Our goals are for the Institute’s peer review system to be rigorous, fair, efficient and effective. For example, we have adopted the NIH’s revised rating system, which provides peer reviewers with the opportunity to grade applications on a broader scale so that clearer distinctions can be made between different research proposals. As the NIH report observes, “The most reliable, consistent rating system is one that reflects reviewers’ abilities to discriminate” (National Institutes of Health, 2008).

Another challenge we face, similar to that of the NIH, is assembling the pool of peer reviewers. Although the NCRG and the Institute have been fortunate to have had distinguished expert researchers participating in our peer review panels during the past 13 years, recruitment of reviewers has become more difficult because of the time commitment required to travel to meetings. Beginning in 2010, all of the Institute’s peer review meetings will be convened by telephone conference call, as is now standard practice at the NIH. This will allow us to expand the number of experienced reviewers evaluating applications and recruit reviewers who previously were unable to participate due to time or travel restrictions. It also will save money, which will allow us to fund more grants.

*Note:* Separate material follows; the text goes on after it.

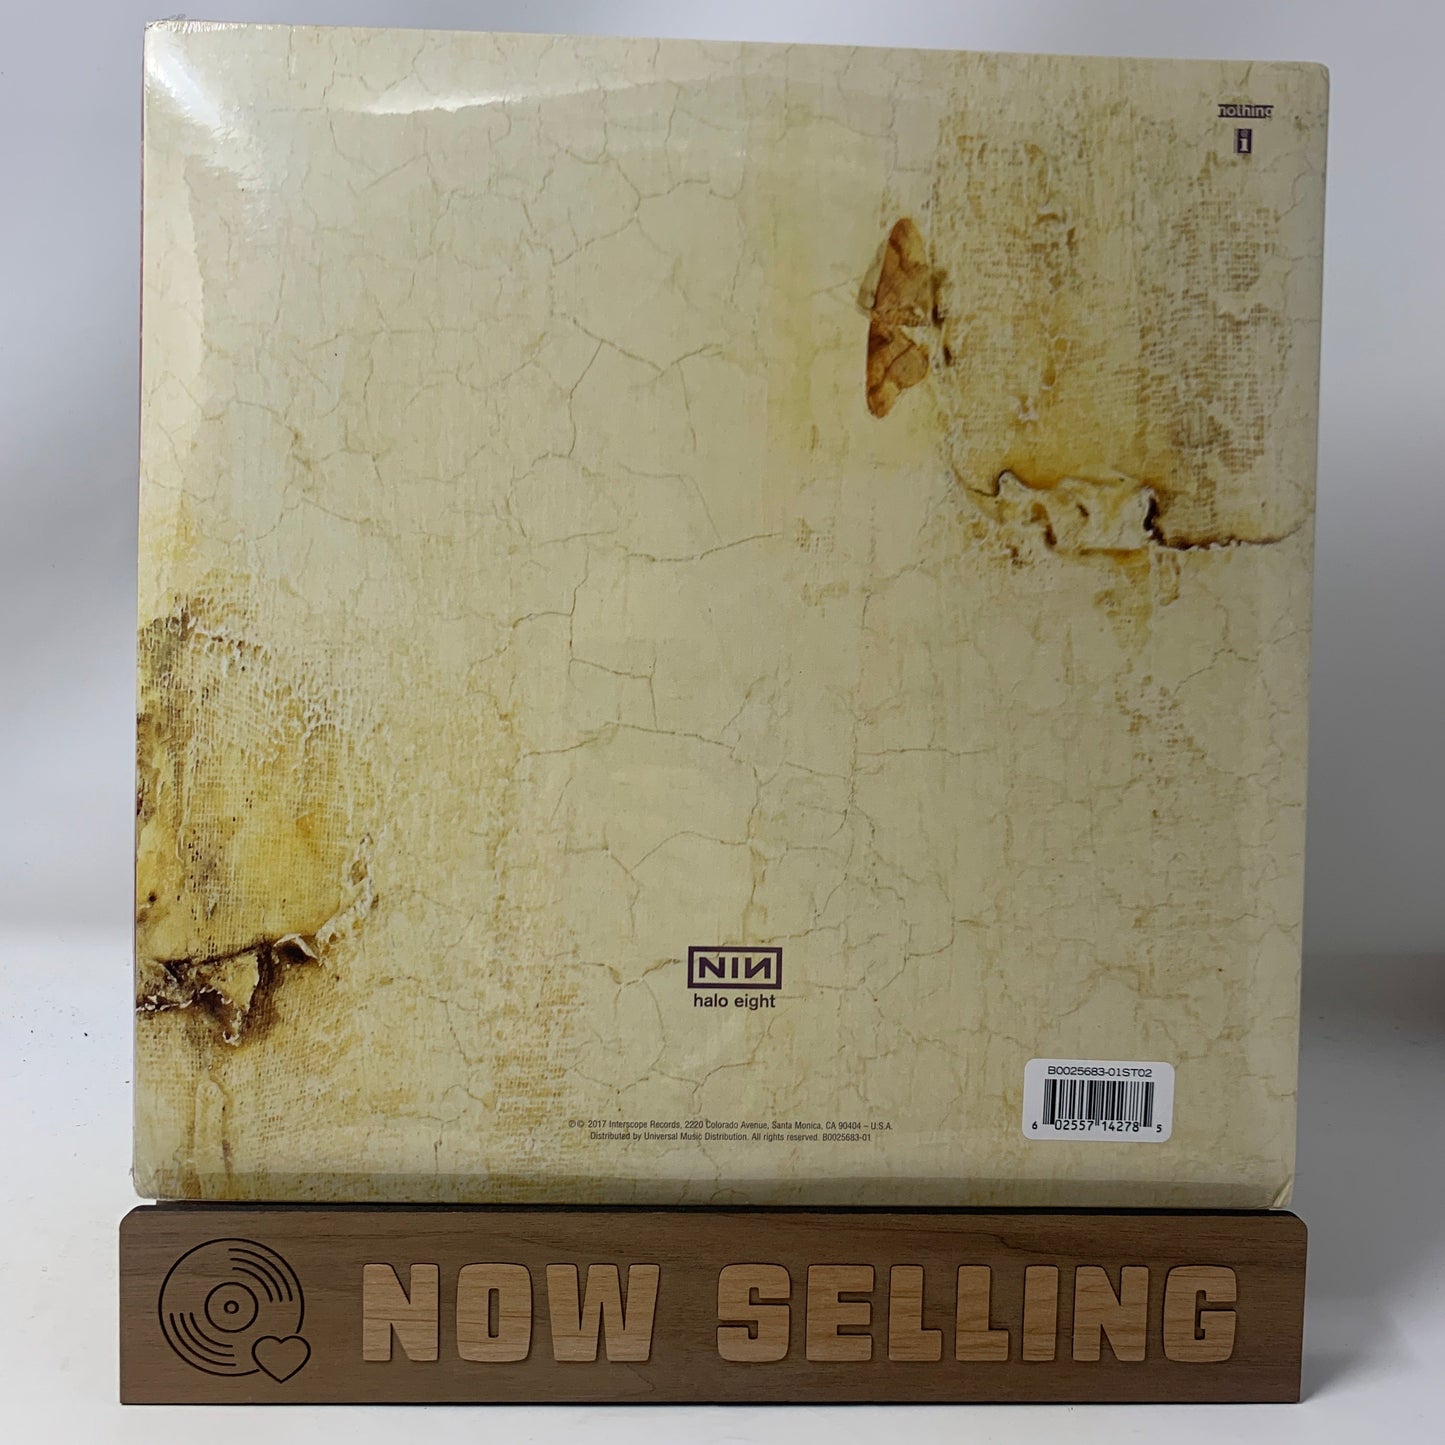 Nine Inch Nails - The Downward Spiral Vinyl LP Definitive Edition SEALED

The quality of peer review is an issue of vital public interest. The Internet has become one of the leading sources of health information for the public, and in a 24/7 news environment that churns out scientific news at a prolific rate, it can be hard for the public to distinguish between studies that are scientifically sound and studies with numerous flaws. If we can teach the public about the importance of peer review and explain why it helps to safeguard scientific integrity and quality, the public will reject the latest fads and junk science and be more discriminating consumers of information about science and health. Funding sources and scientific journals should be as transparent as possible about the peer review process to strengthen the public’s understanding of new scientific developments. As we roll out the new system, we will keep everyone informed and continue the discussion about our grants program and how we are working to improve the public’s health.

About the Authors

Linda B. Cottler, Ph.D., M.P.H., is professor of epidemiology in the department of psychiatry at Washington University School of Medicine in St. Louis, MO, and chair of the Institute’s Scientific Advisory Board. Christine Reilly is the executive director of the Institute for Research on Gambling Disorders.